Material to process:
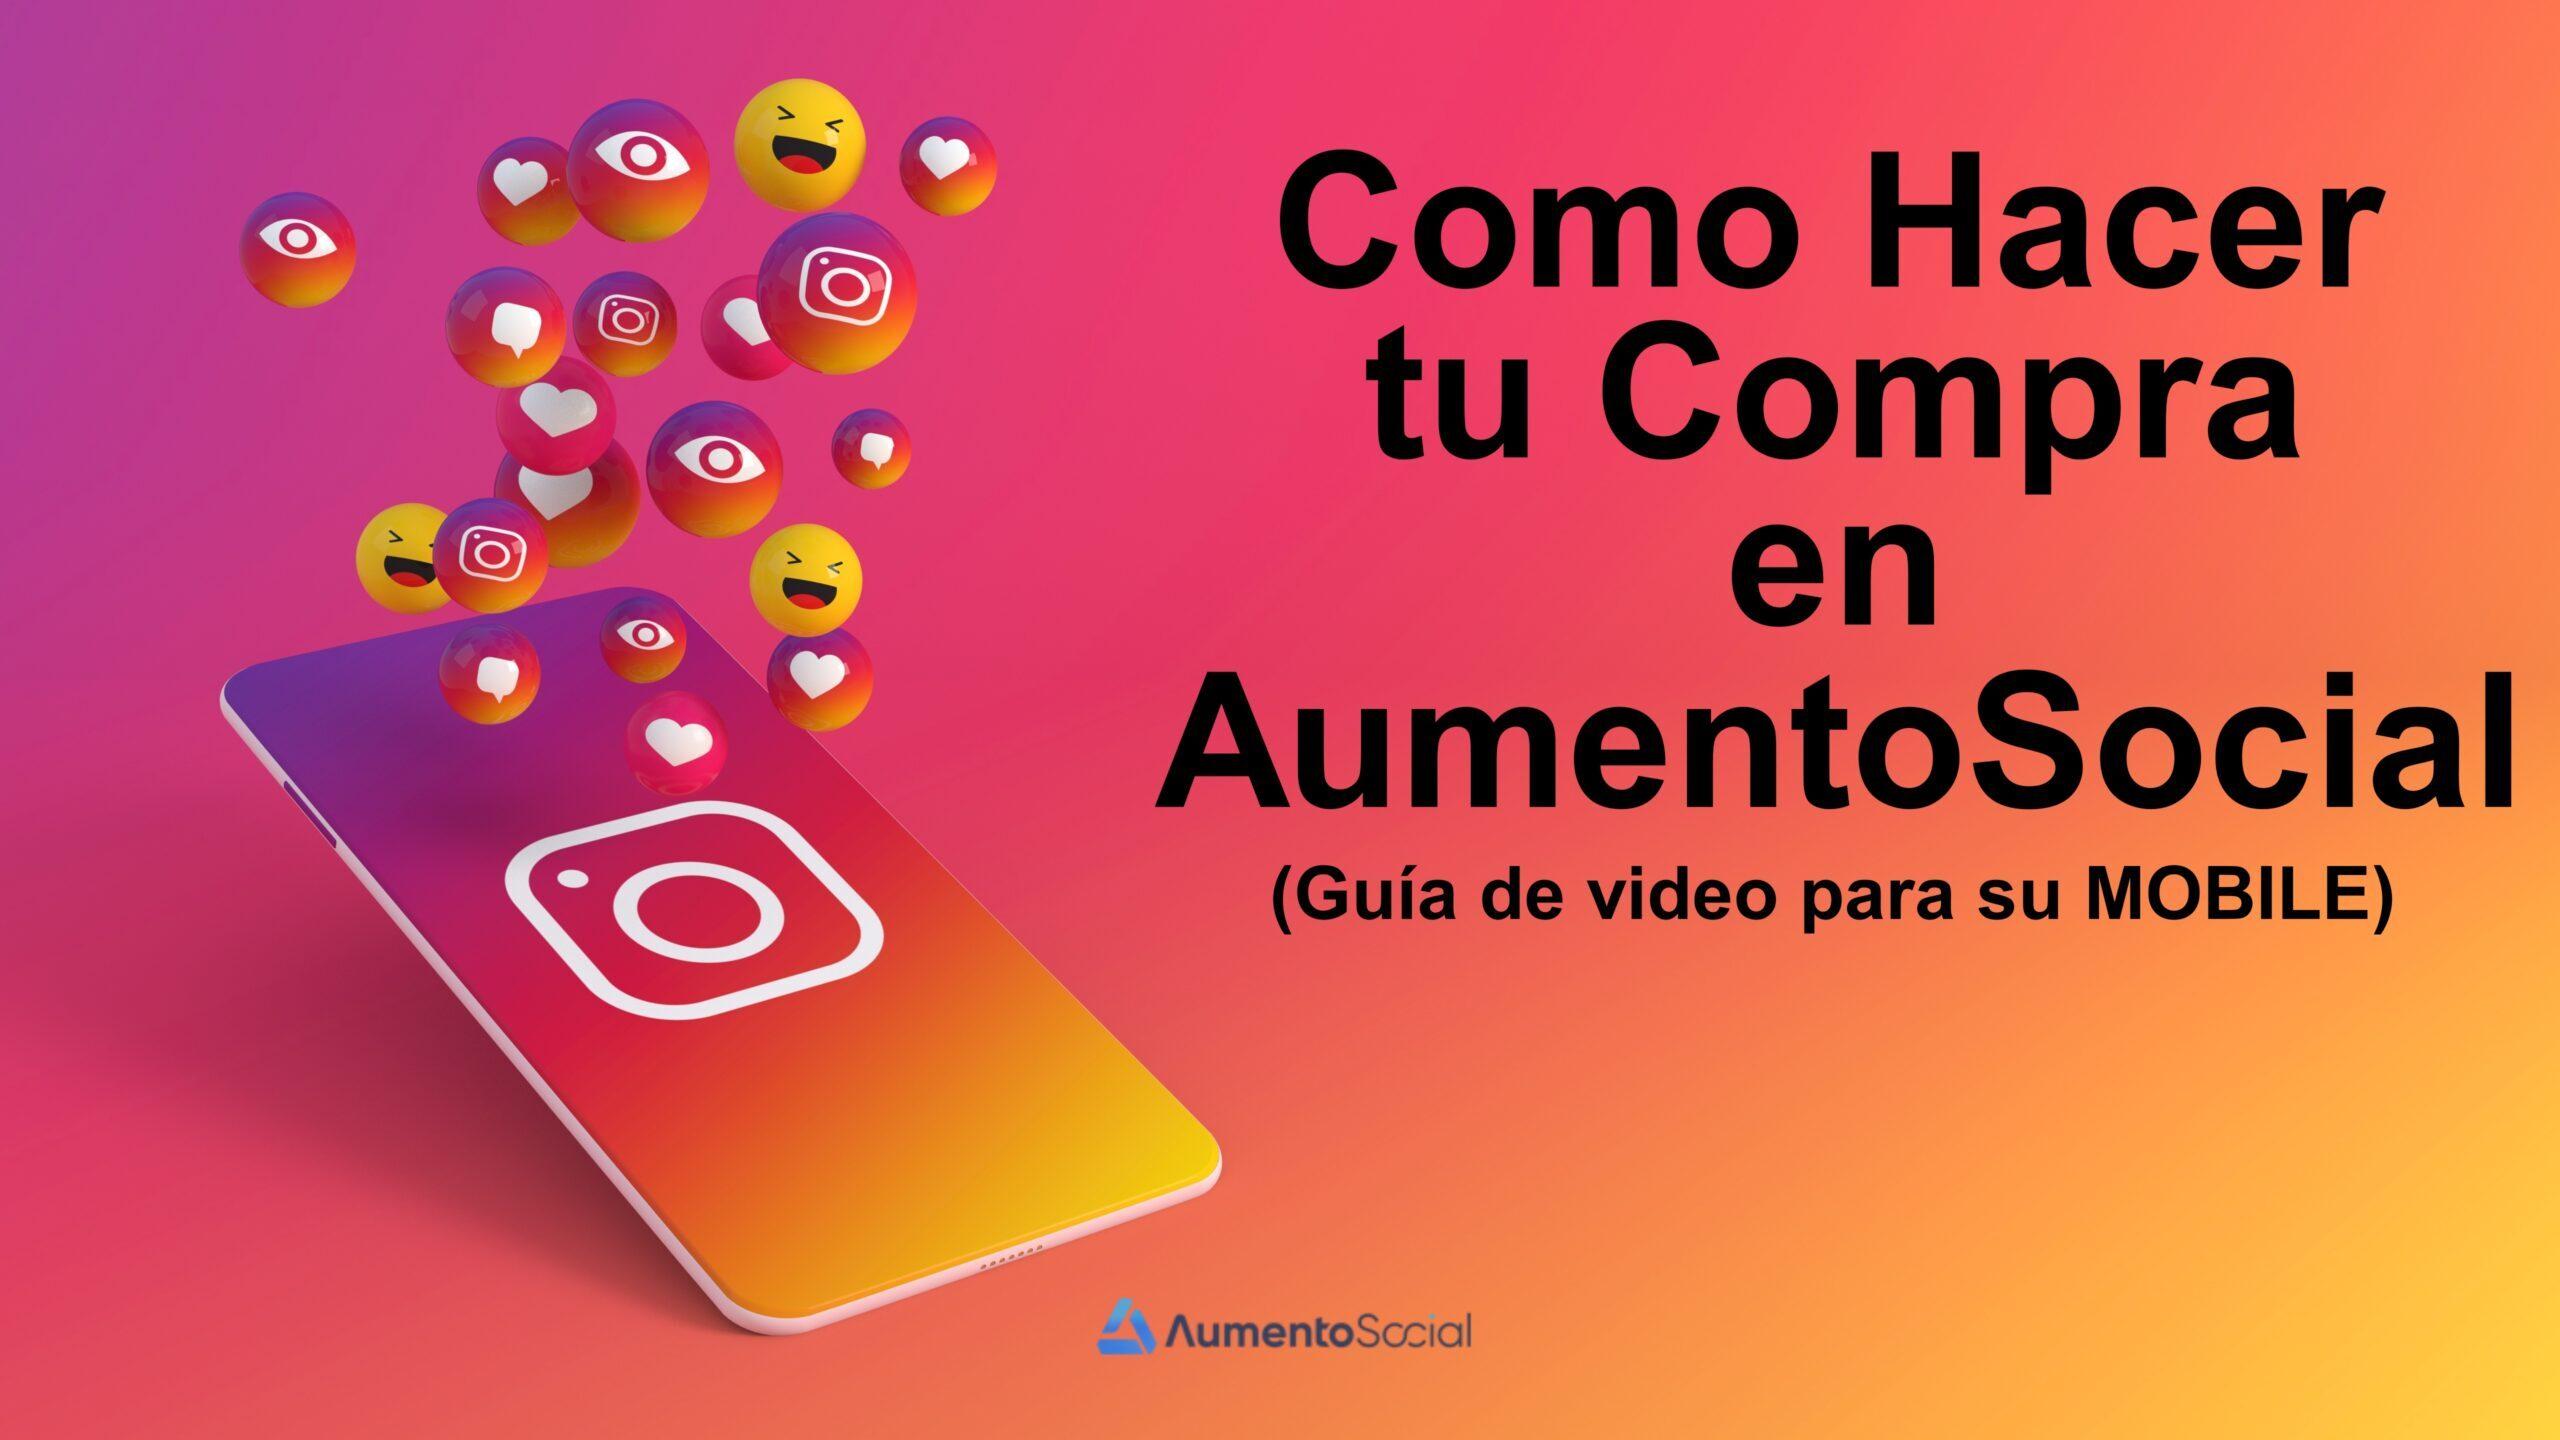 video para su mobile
==
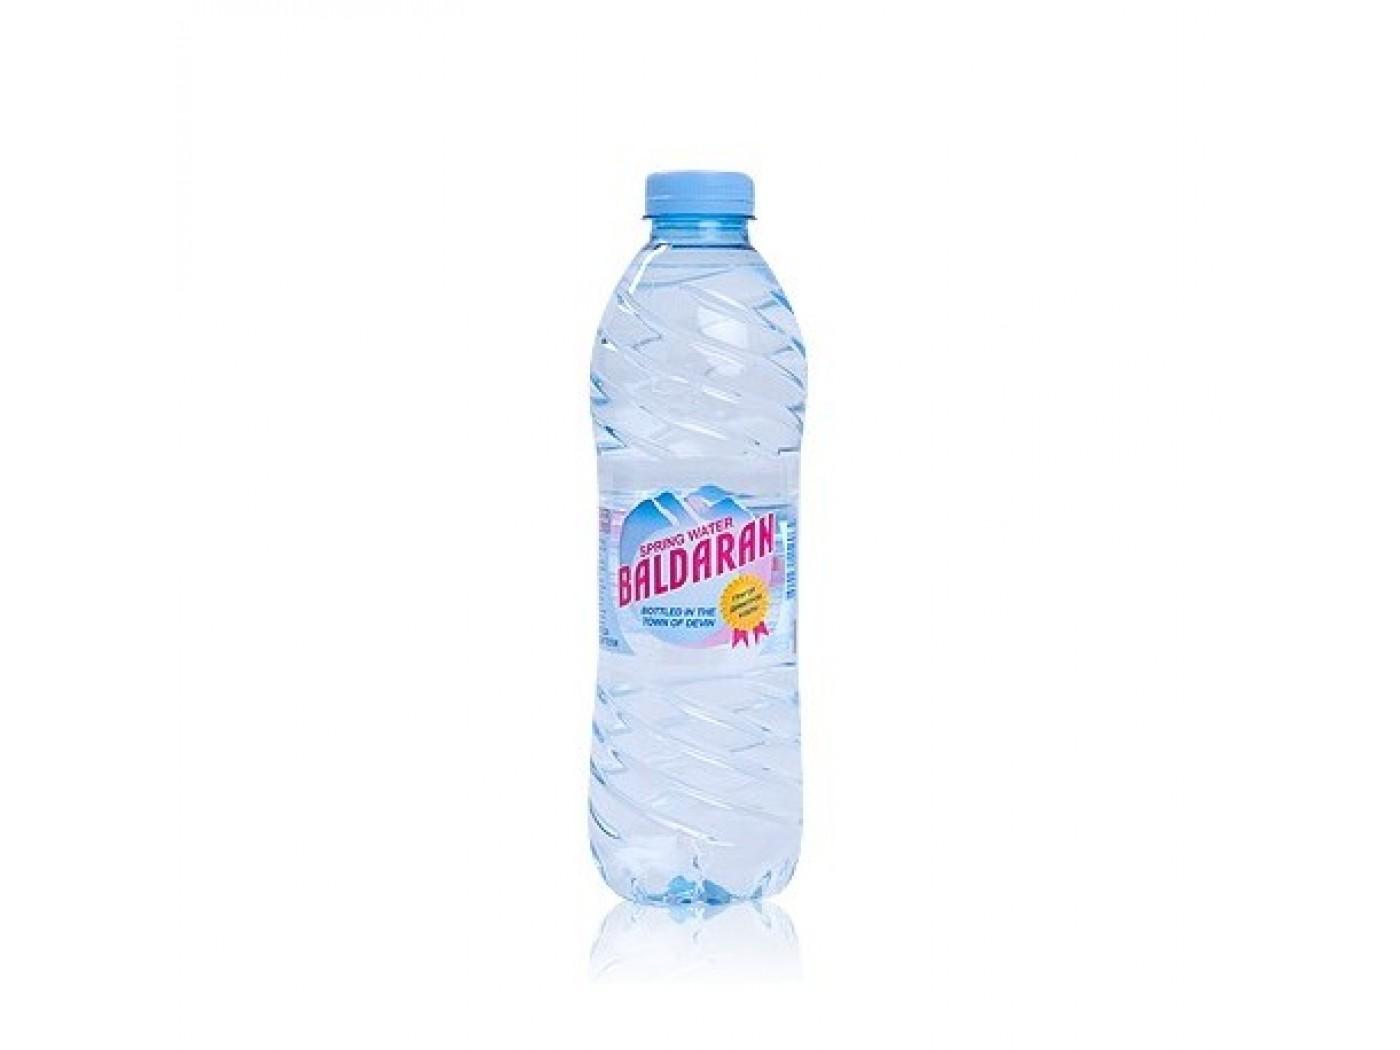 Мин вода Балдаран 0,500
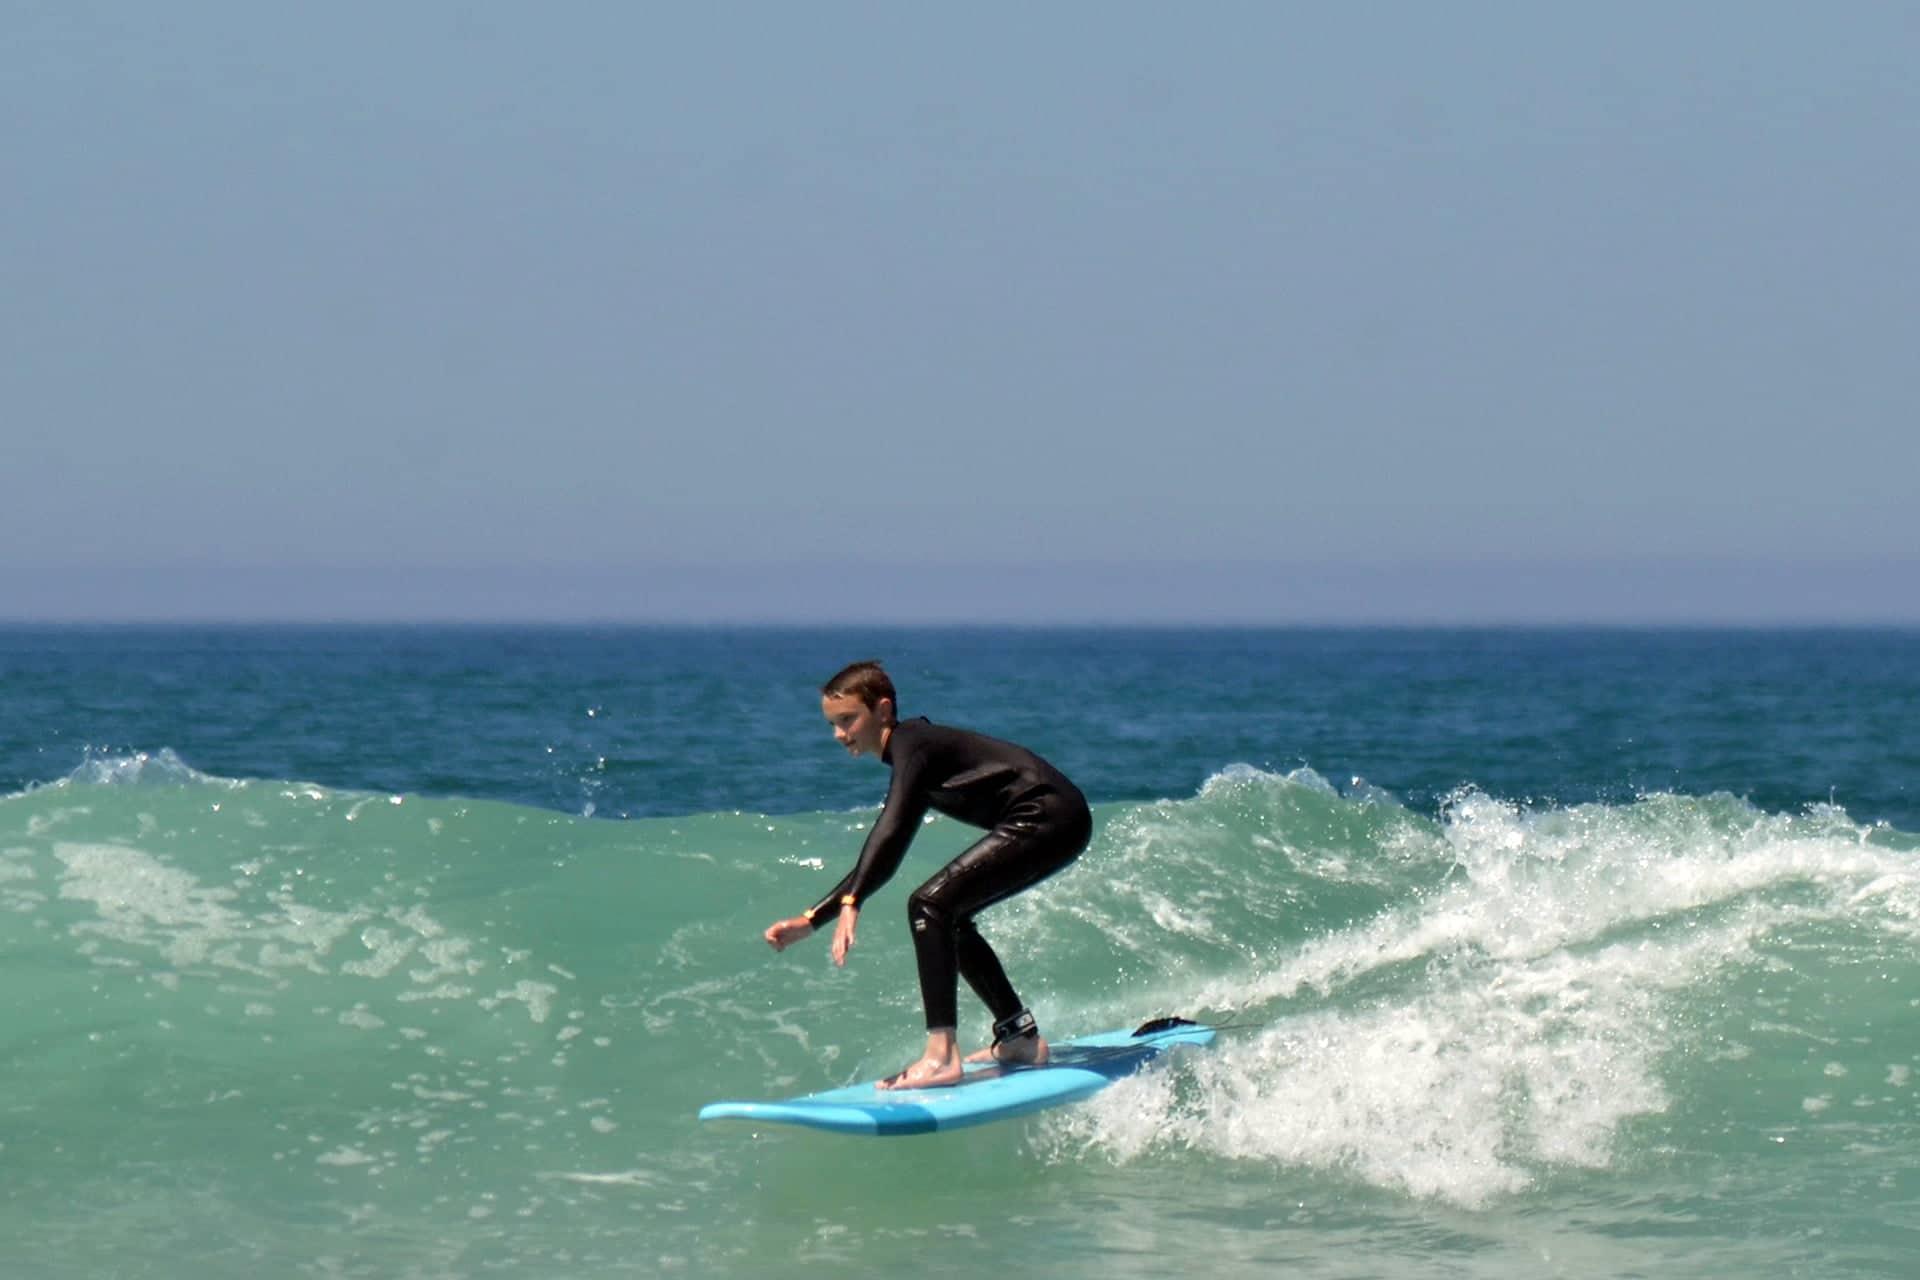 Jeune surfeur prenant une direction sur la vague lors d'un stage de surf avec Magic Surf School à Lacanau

What you should do:
What you return must match, character for character, the lines above from the one with "Мин вода Балдаран 0,500" through the one with "Jeune surfeur prenant", minus any pictures.

Solved problem:
 Мин вода Балдаран 0,500
 Jeune surfeur prenant une direction sur la vague lors d'un stage de surf avec Magic Surf School à Lacanau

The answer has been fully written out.